ああ、新商品だぞと、グラハムは手を動かしながら言う。

「新商品、ですか?」

「ああ、まずは作ってみるから、手伝いはいらんぞ。気にするな」

エプロンに手をかけ始めていたロランに気を遣っての一言だ。

「いいんですか?」

「ああ、俺が許可する」

それでもロランは、エプロンだけ掛けて見学を始める。

休みの日だから休んでればいいのに、と思うが、どうもロランは休むくらいならその時間を使って技能を上げたいタイプらしい。

因みにロメオはこのとき、毛布に包まって爆睡していた。


焼成作業に入る。

グラハム・ハリスとしては何度目かは分からないが、倉間春彦としては通算10回目くらいにしかならないだろうか。

何度やっても緊張する。

特に、グラハムとしてもやったことがない小麦だ。

生地を窯に入れ、20分の特大砂時計をひっくり返す。


「・・・・・・」

気まずい沈黙が流れる。

「そういえば、俺どこまで教えたっけ?」

ロランに話を振る。

グラハムとしてどこまであれこれと教えたか分からないし、何より師弟制の職人仕事というものが倉間は嫌いだった。


盗犯係の刑事になった当初もそうだったが、基本的に刑事の仕事は目で盗めと教わった。

昨今は職人気質というよりは、ある程度マニュアル化されており、それに則って刑事の仕事も教える方向に警察組織全体としてシフトしている。

しかし田ヶ原署はどちらかと言えば未だに職人気質なベテラン刑事が多い警察署だった。

技術の出し惜しみをされているようで、どうにも苦手だった。

新参に仕事を奪われるのが嫌なのだろうか。

犯罪を憎む気持ちは一緒のはずなのに。

そんな気持ちが強かった。


倉間春彦は、腕前が有るなら誰が上に立とうが気にしないタイプの人間だ。

たとえそれが後輩だろうが、何だろうが、やるべき人がやるべき仕事をするべきだと考えている。

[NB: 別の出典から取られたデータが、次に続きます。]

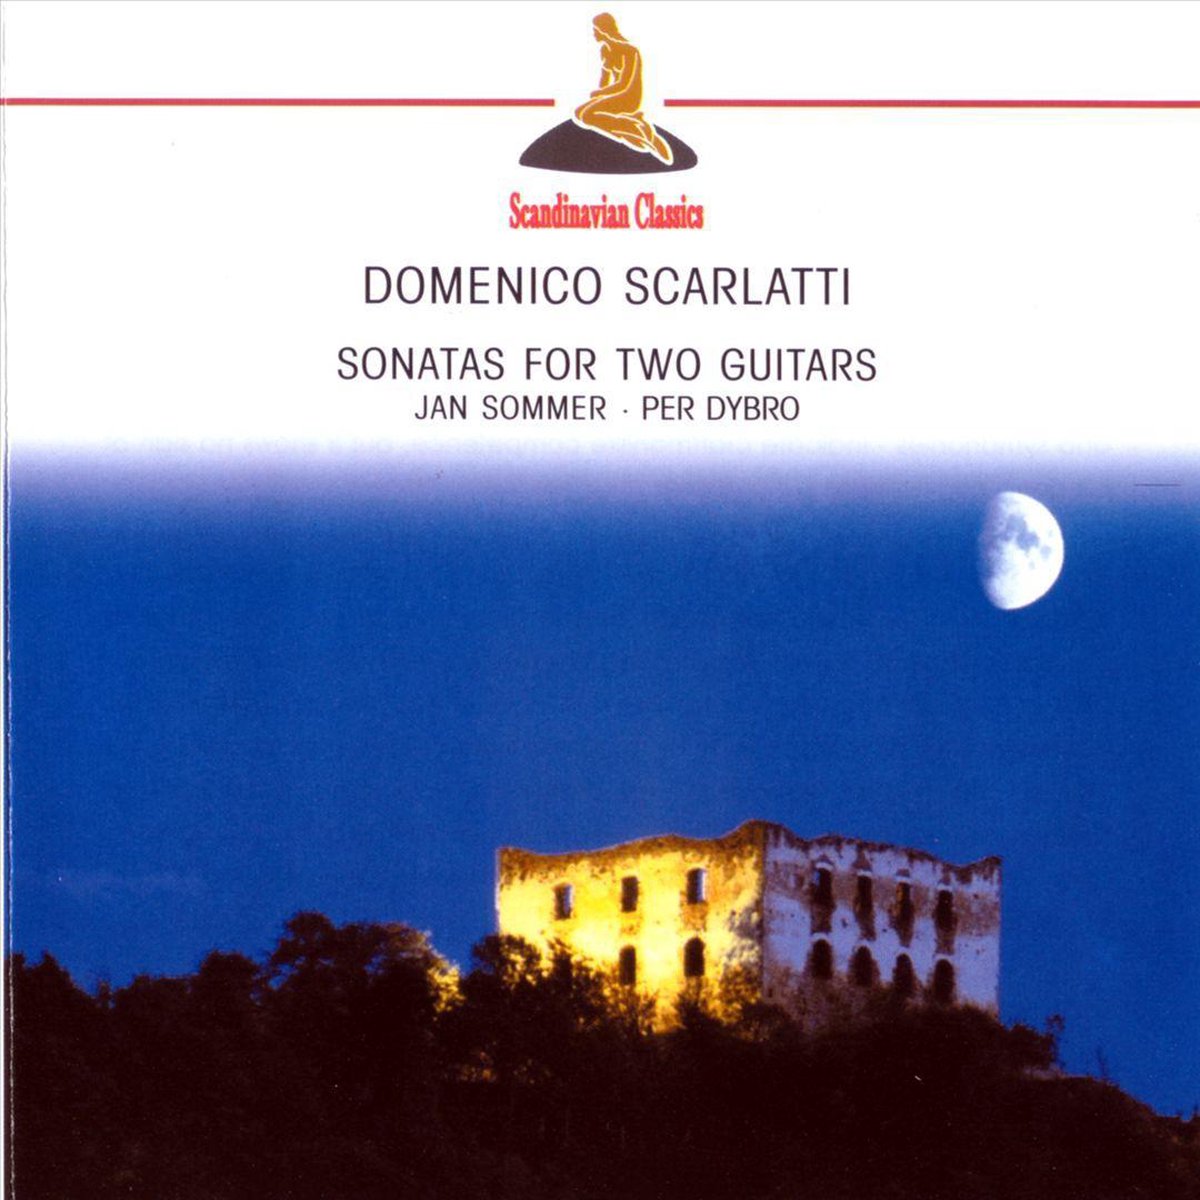 Scarlatti: Sonatas for Two Guitars | Domenico Scarlatti, Jan Sommer, Per Dybro

もしも自分の仕事を、立場を、自分より優れた後輩が奪おうというなら喜んで譲る。

だから、自分の一年後に盗犯係に入ってきた川崎に教えられることは全部教えた。

結局追い抜かれることはなかったが。


「えー、と、概ね全部教わってます」

ロランから意外な答えが返ってくる。

どうやらグラハムも倉間タイプらしい。

「しかしどうにもどこが「良いタイミング」なのかが分からなくて・・・・・・」

なるほど。

残すところは感覚の世界に来ているわけだ。

こればっかりはどの仕事でもそうなのだが、勘を育てる以上の方法はない。

目を育てる。

耳を育てる。

手を育てる。

足を育てる。

五感で感じ取るより他はない。


「そうか」

ならば後は実践だなとグラハムは続ける。

「え、それって・・・・・・」

ここでグラハムはどうもロランが何か勘違いしていることを悟る。

「おい!俺は引退するなんて一言も言ってないからな!」

「あ、安心しました・・・・・・」

人差し指でびっと指しながらグラハムは、何だかこいつは川崎に似ているな、と感じる。

なんというか、雰囲気が似ている。


なんだかんだこの世界も面白そうだ。

ふと気が付くと砂時計の砂が全て下に流れ切ろうとしていた。